A smattering of vacationers have dropped by since the presidential duffer played there last summer and over the Christmas holidays, but they weren't greeted by any signed photos or Obama-themed tees.

"We didn't fawn over him," Ho says, "and we never even thought about trying to make money off of him."

Adds Jason Sivill, band leader at the president's Honolulu alma mater, the elite Punahou School: "You don't see people on the corner selling Obama dolls, because the culture here is much less obsessive about celebrities. I think that's one of the reasons he likes to come back."

But if Hawaii becomes the next Crawford, locals' nonchalance and sense of ohana won't be the only presidential lures. Notes blogger Alex Salkever of Hawaiirama.com, Obama's old neighborhood "is not what most visitors would fly 3,000 miles across the Pacific to see."
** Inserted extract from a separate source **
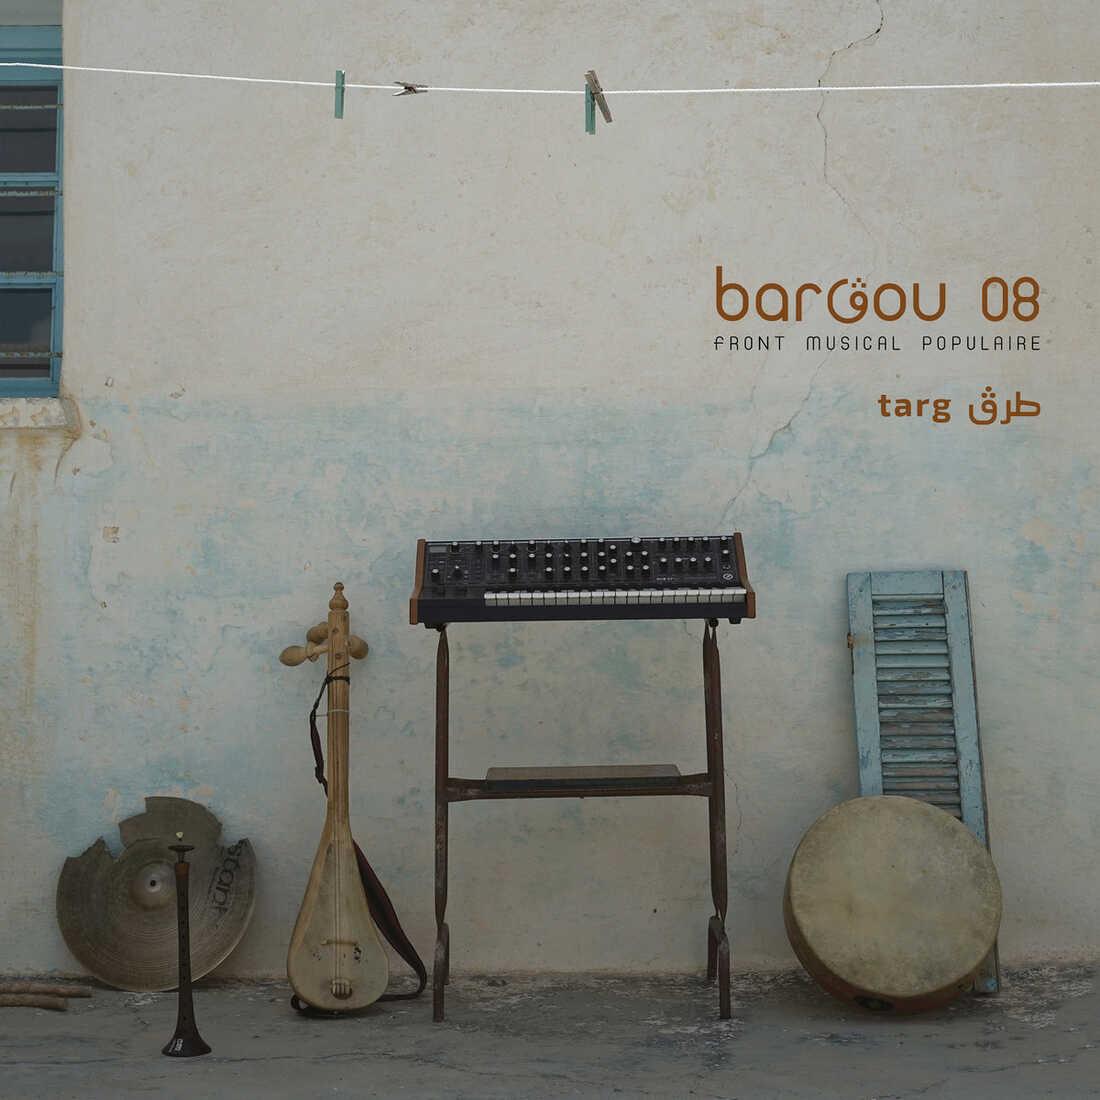 Bargou 08, Targ

"Even now," Obama writes in his 1995 memoir Dreams From My Father, "I can retrace the first steps I took as a child and be stunned by the beauty of the islands. The trembling blue plane of the Pacific. The moss-covered cliffs and the cool rush of Manoa Falls. The North Shore's thunderous waves, crumbling as if in a slow-motion reel. The shadows off Pali's peaks; the sultry, scented air."